И к счастью, оказалось, что многим другим людям было интересно это послушать. А потом оказалось, что, типа, всем было интересно сделать что-то подобное. Я очень, знаете ли, очень счастлив, очень горд и счастлив быть частью этого.
…
Вопрос
Утром, днем и вечером. Это повлияло на вашу музыку? Философия Витгенштейна? Потому что он не так много писал о музыке, и то, что он написал о музыке, было позже в его жизни. Его идеи о музыке как о языковых играх и тому подобном, они как-то проникли в вашу музыку?
Стив Райх:
Ну, трудно сказать. Я имею в виду, что братом Витгенштейна был Пол Витгенштейн, который потерял правую руку, и Равель написал для него концерт для левой руки. В то время я изучал Витгенштейна и по выходным играл на барабанах, и всегда слушал «Весну священную» и Майлза Дэвиса, а барабанщик Кенни Кларк был моим путеводным светом. Так что они очень, очень хорошо ладили, вы знаете. И у меня было всего несколько занятий, но они были ключевыми с Уильямом Остином, о котором я много упоминал, в Корнелле.
Базовая история музыки, которая, он как бы, я не знаю как, но мы действительно нашли общий язык, и у меня было много прямых контактов с ним. И вот тогда я получил такую ясную картину того факта, что то, к чему я интуитивно тянулся в плане периода барокко и более раннего, а затем как-то сошло на нет, мой интерес просто резко упал, начиная с Гайдна и вплоть до Вагнера.
Я имею в виду, да, это замечательная музыка, кто я такой, чтобы утверждать обратное? И некоторые пьесы, Danzgesang в квартете ля минор, есть вещи, которые действительно сбивают меня с ног. Но в основном, я немного раньше, и в 1750 я отключаюсь, а затем я снова включаюсь в 1900, или, может быть, немного раньше, чтобы вписаться в Дебюсси. И я действительно получил ясность по этому поводу.
Остин преподавал историю музыки следующим образом. Вы начинаете с григорианского хорала, он идет к смерти Иоганна Себастьяна Сильвера, и он переходит к Стравинскому, Бартоку, Гершвину, а вторая половина курса – от Гайдна до Вагнера. Так что внезапно, о да, верно, потому что есть преемственность между классикой, романтикой, экстремальным романтизмом, экстремальным хроматизмом, и это идет к Шенбергу.
И это, вы знаете, опять же, это была та линия, о которой я знал, что она там была. Я знал, что это была отличная музыка, но я действительно не был там. Это было не для меня лично. Так что большая часть ясности об этом пришла, когда я учился в Корнелле у Остина, и который также, он преподавал джазовый курс. Он заставил кого-то включить запись Чарли Паркера, но, я имею в виду, и Остин у доски с мелом, который пишет вот так.
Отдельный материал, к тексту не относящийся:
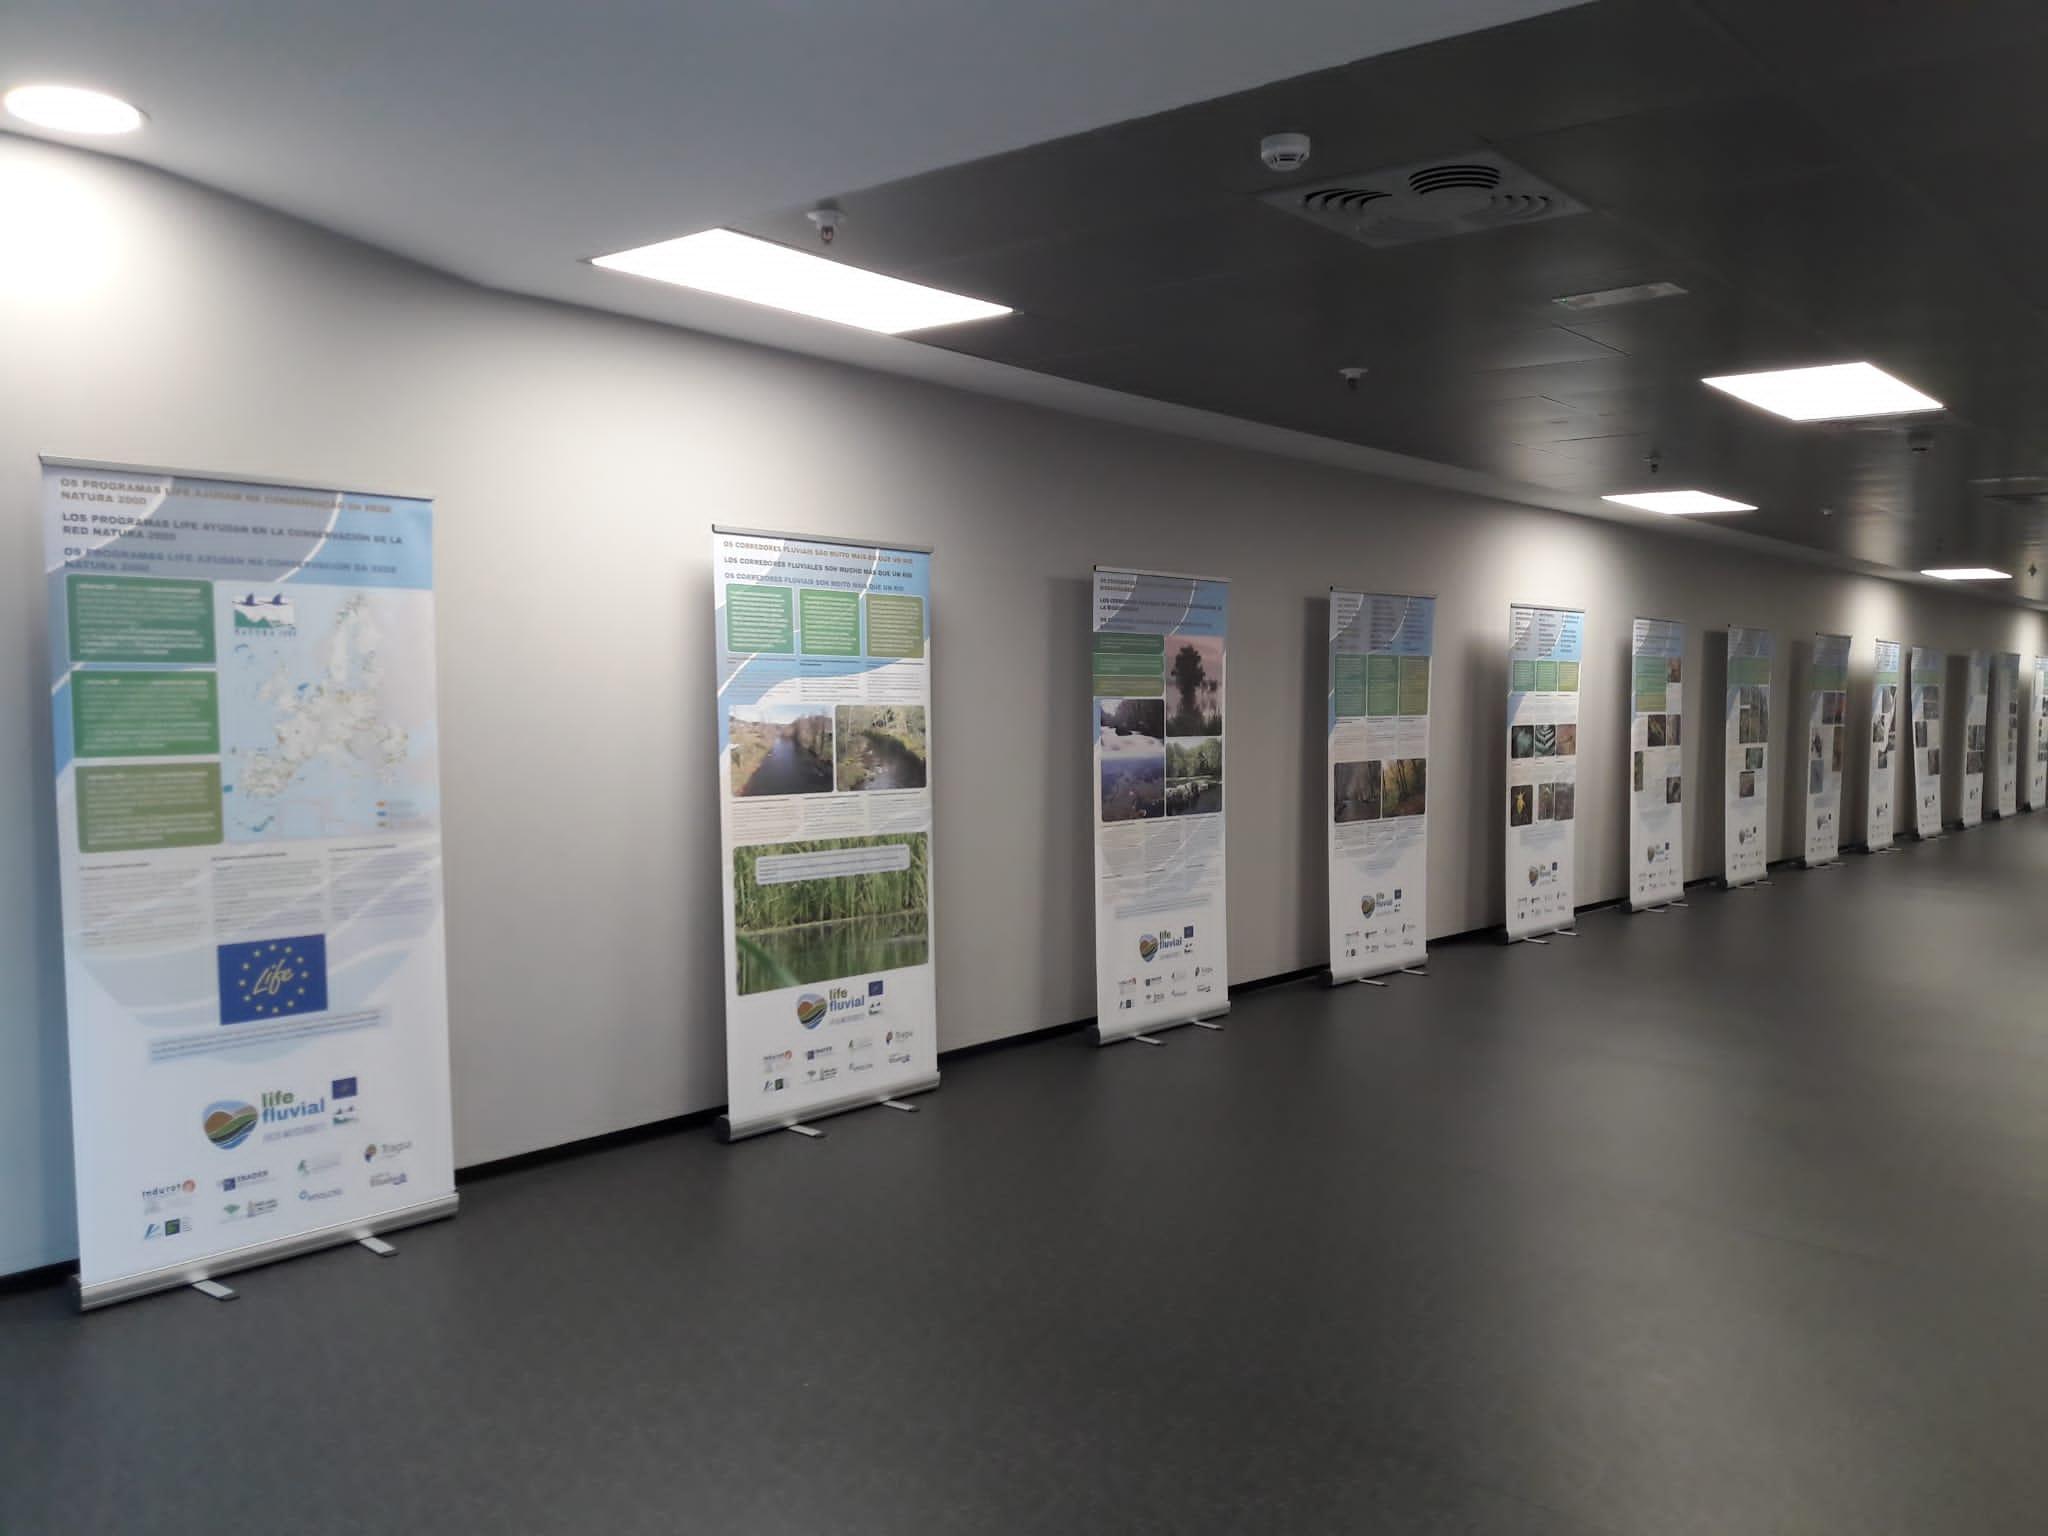 Presentación de la exposición itinerante LIFE Fluvial en EMALCSA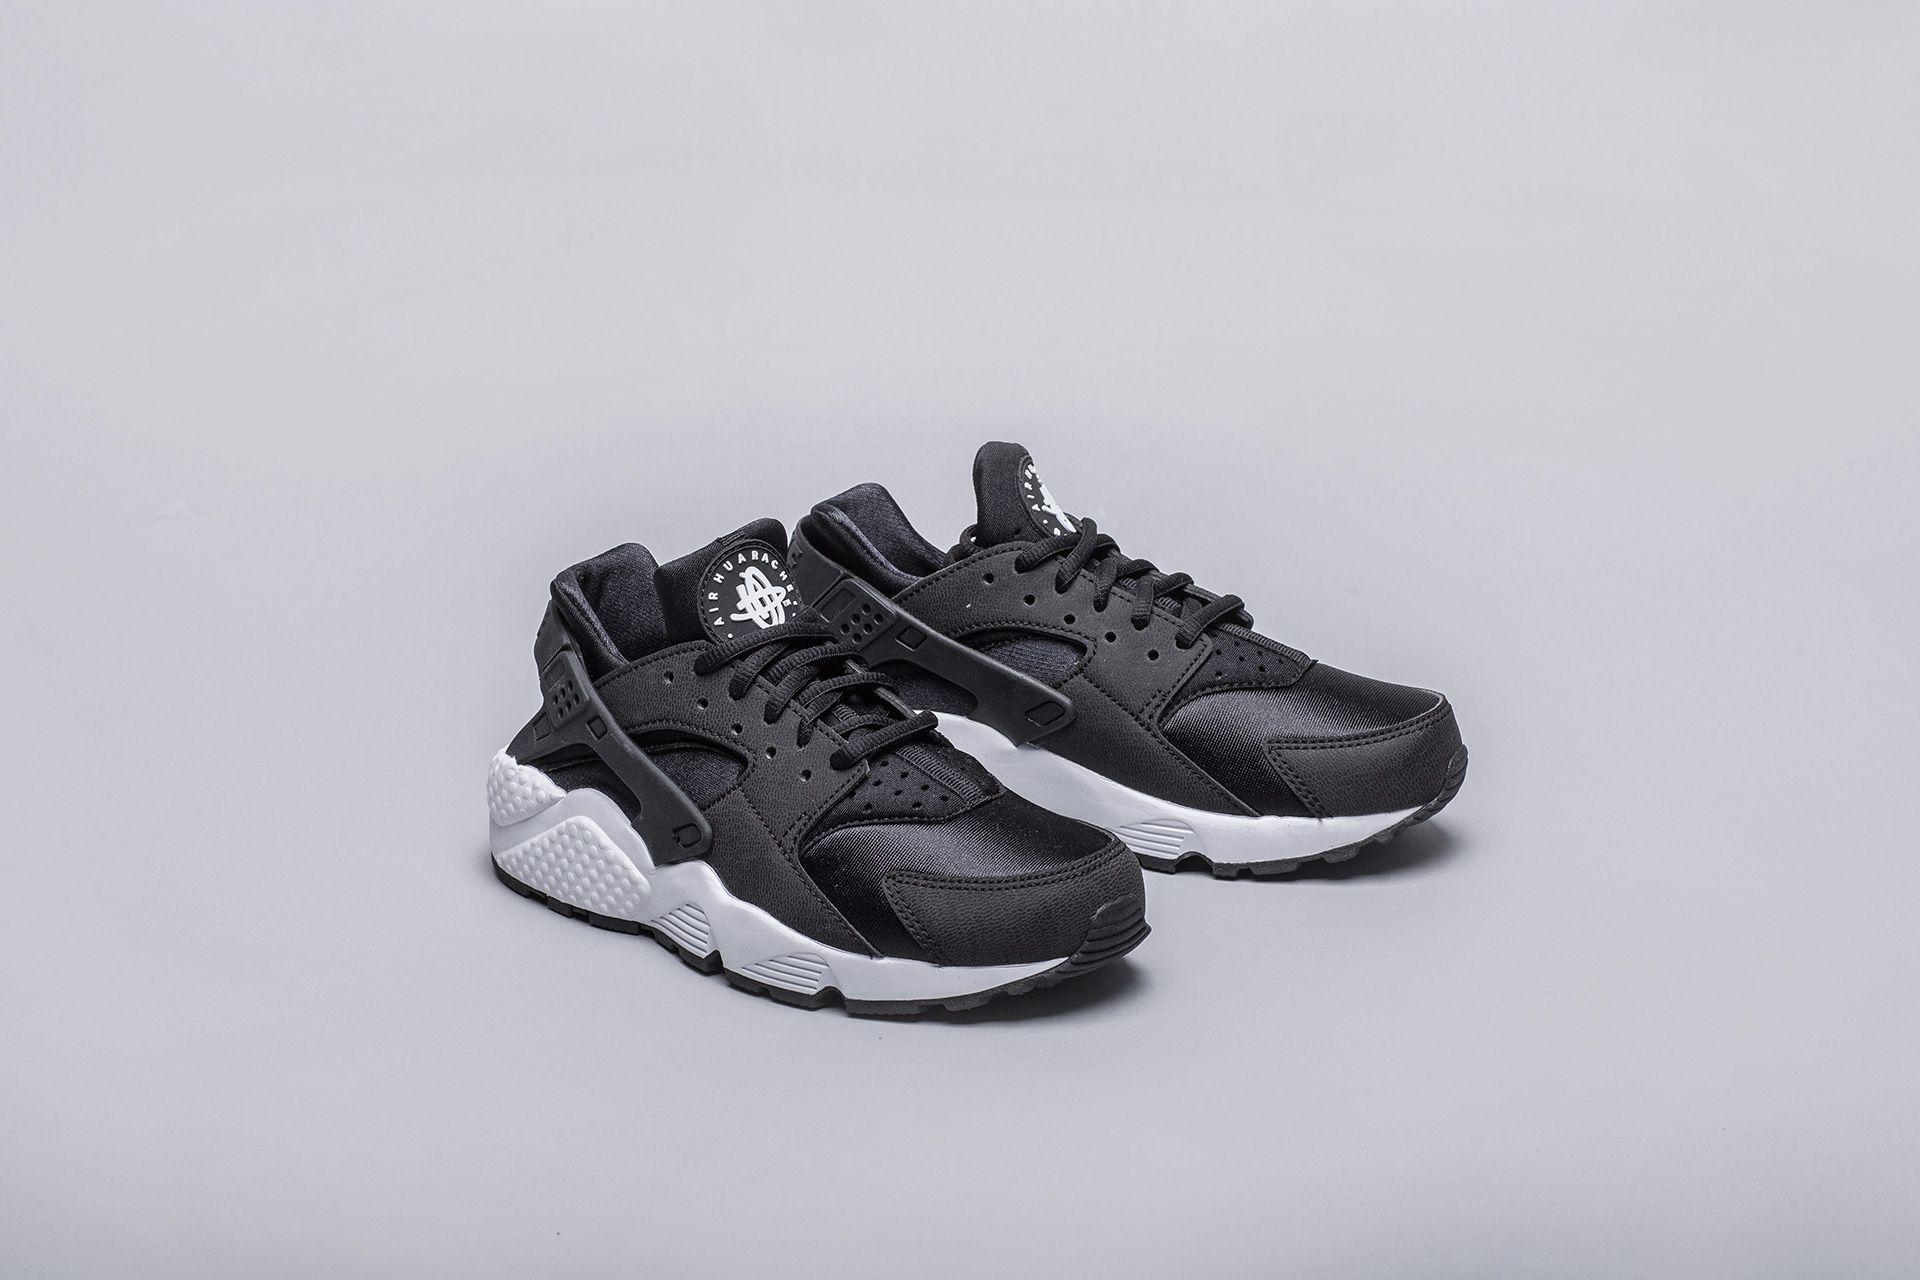 245336c5 Купить черные женские кроссовки WMNS Air Huarache Run от Nike ...

Я имею в виду, что, взяв, ты учишься записывать ноты, но не многие могут делать это в таком темпе. И он смущенно поворачивался и говорил, не сыграешь ли ты еще раз, чтобы я мог вставить штимы? В любом случае, он был великим музыкантом, и его сосредоточенность на истории музыки была для меня чрезвычайно проясняющей. Это показало, что я что-то чувствовал, и это было не просто странным, знаете ли, вопросом личного вкуса.
И затем мы идем, о, конечно, да, вы знаете, идеи классического периода, да, вы действительно можете, Бетховен, да, но к тому времени, чувак, к тому времени, когда вы попадаете в Брамса, вы действительно должны начать входить в жесты. Идея такта, идея фиксированного ритма, фиксированного темпа, сейчас вытесняется больше, я думаю, сущностью романтической музыки, от того, что было немного до Брамса, конечно, через Малера и далее к Шенбергу, что это больше не дирижируется поддержанием ритма, а жестами, которые указывают, как музыка развивается. И это музыка, с которой я просто не могу себя ассоциировать.